Plasmid carriage in serogroup 1 strains was not correlated with monocin activity or with the type of monocin produced. However, all 19 serogroup 1 strains in which plasmid DNA was detected were cadmium resistant (MIC, ≥256 μg/ml), whereas only 3 of 17 strains in which plasmid DNA was not detected were cadmium resistant. Detection of cadmium resistance in 81.25% of recurrent serogroup 1 strains compared to only 40% of sporadic strains and the high correlation of plasmid carriage with cadmium resistance are consistent with the suggestions of Lebrun et al. (14) that extensive industrial use of cadmium over the last century has led to widespread cadmium contamination of the environment and necessitated acquisition by bacteria of cadmium resistance mechanisms. These workers have shown that in the case of L. monocytogenes, resistance to cadmium is achieved by an energy-dependent efflux mechanism encoded by genes most often carried on plasmids and less frequently on the chromosome, which prevents accumulation of cadmium in the cell.

A general lack of antibiotic resistance in both plasmid-carrying and non-plasmid-carrying L. monocytogenes strains is not surprising and has been previously noted (1, 6). Espaze and Reynaud (6) considered that this general lack of antibiotic resistance may change if the numbers of L. monocytogenes in food-processing environments and foods increase, thereby facilitating genetic transfers among genera and species. In this context, the resistance to tetracycline of two sporadic isolates from raw milk at processor C is interesting. Neither plasmid DNA nor cadmium resistance was detected in either of these strains, and uniquely among the 45 strains examined, they produced no monocin activity against any indicator strain (type A) (Table 5), thus suggesting a relative disadvantage for survival of these strains in a food-processing environment. However, given the ability of L. monocytogenes strains to adapt to particular habitats or niches, there is a possibility that antibiotic-resistant strains could adapt and persist in foods and food-processing environments and that genetic transfers to other microorganisms might be facilitated, as predicted by Espaze and Reynaud (6).

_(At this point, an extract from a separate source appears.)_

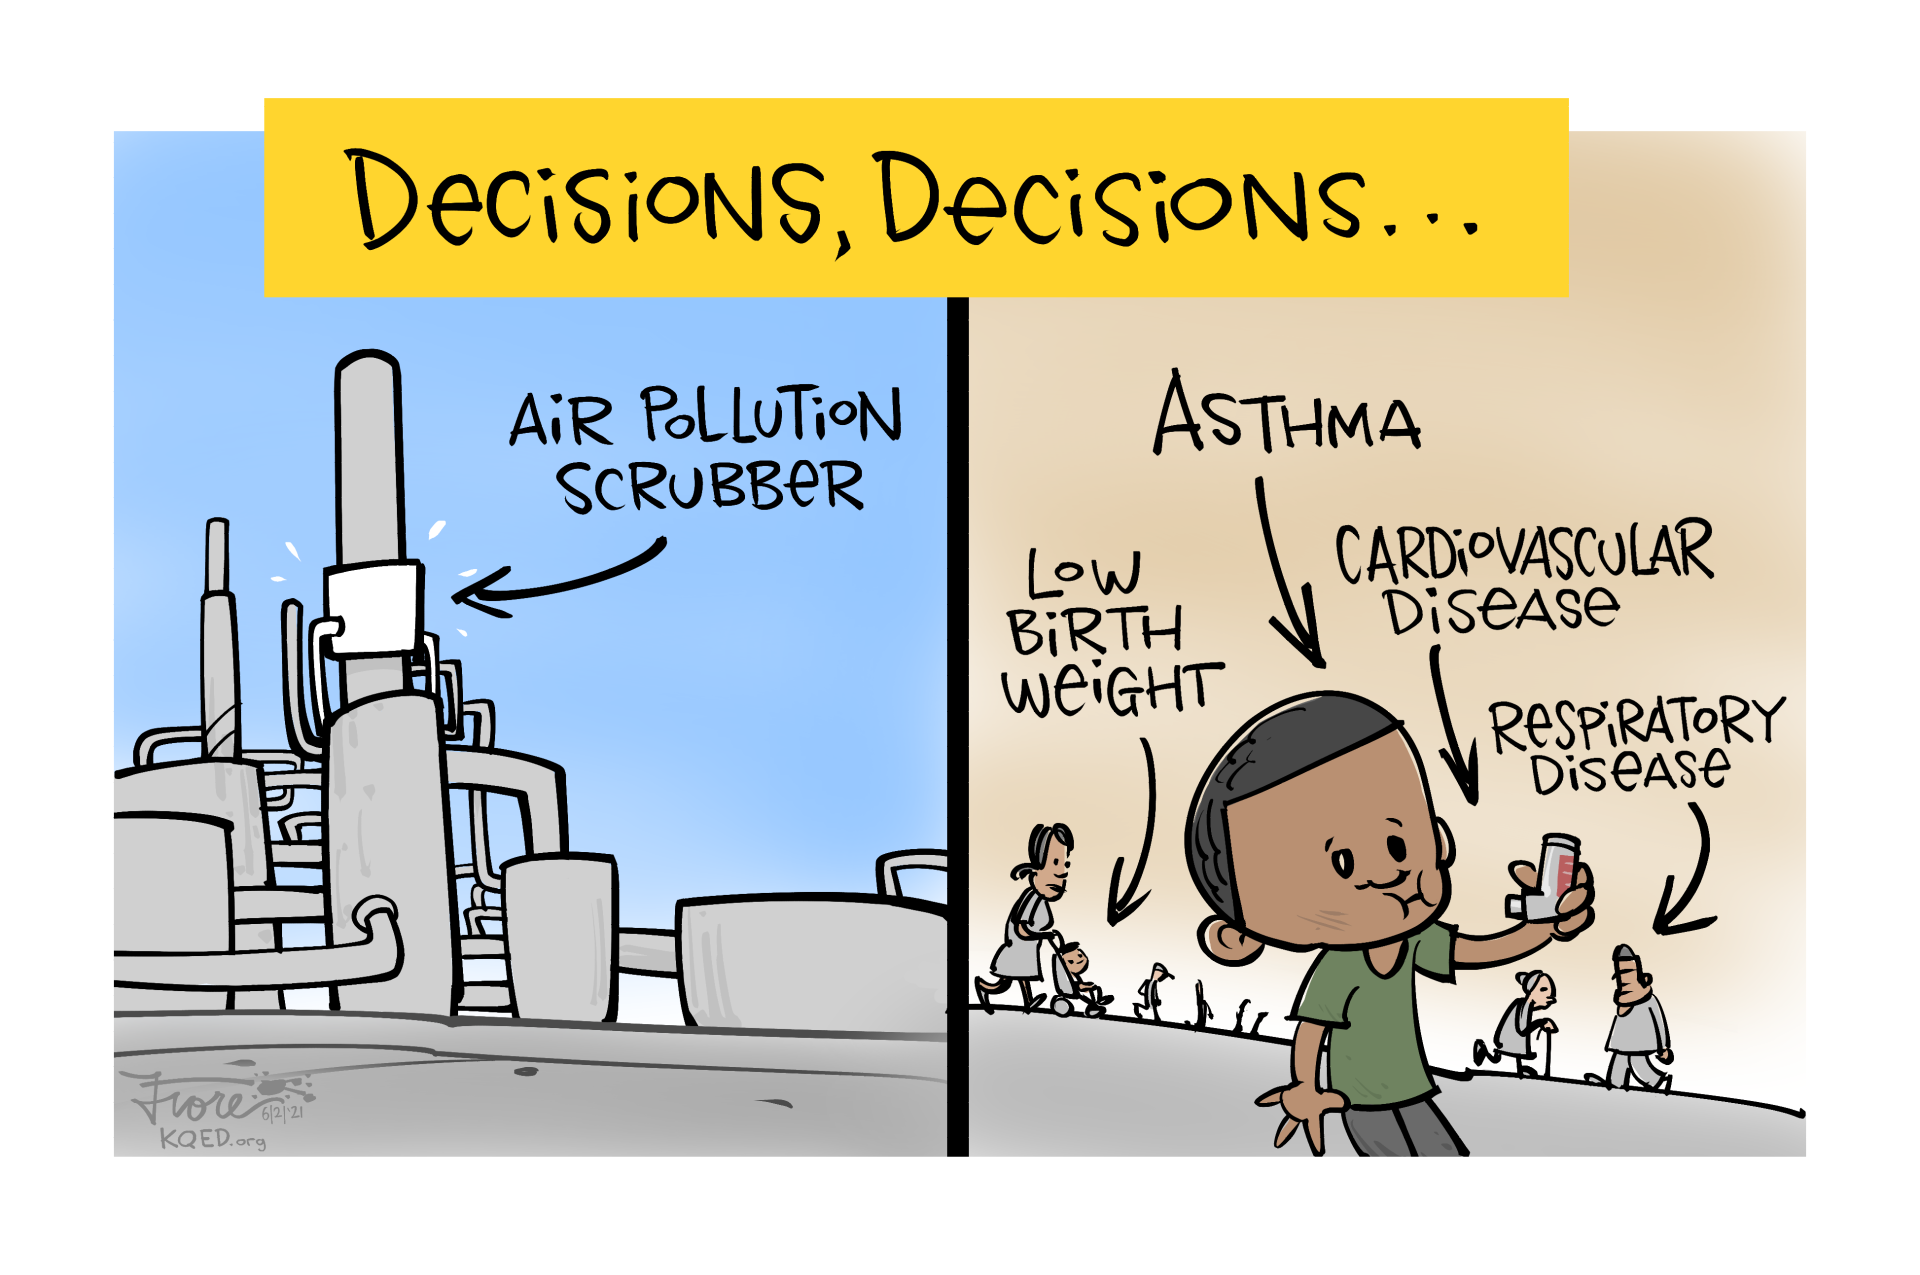 A Mark Fiore cartoon about Bay Area oil refineries and the Bay Area Air Quality Management District captioned, "decisions, decisions." The cartoon shows a refinery on the left with an "air pollution scrubber" and on the right, a community of people of color with asthma, low birth weight, cardiovascular disease and respiratory disease.

In the present study, the conclusions reached regarding the recurrence of L. monocytogenes isolates in raw milk and nondairy foods on the basis of MEE typing results have been confirmed by PFGE. In addition, PFGE, when applied to recurrent strains, detected genetic changes in the strains during the period that food surveys were carried out. Production of monocin type E and plasmid-borne cadmium resistance were found more frequently in recurrent than in sporadic L. monocytogenes strains from raw milk and nondairy foods. The persistence of microbial pathogens within a food-processing environment obviously raises food safety concerns and emphasizes the requirement for implementation of concepts such as hazard analysis of critical control points. Such concepts will require a detailed knowledge of the behavior and characteristics of microbial pathogens, such as those described here for L. monocytogenes, if their presence in foods and food-processing environments is to be successfully tracked, monitored, and controlled.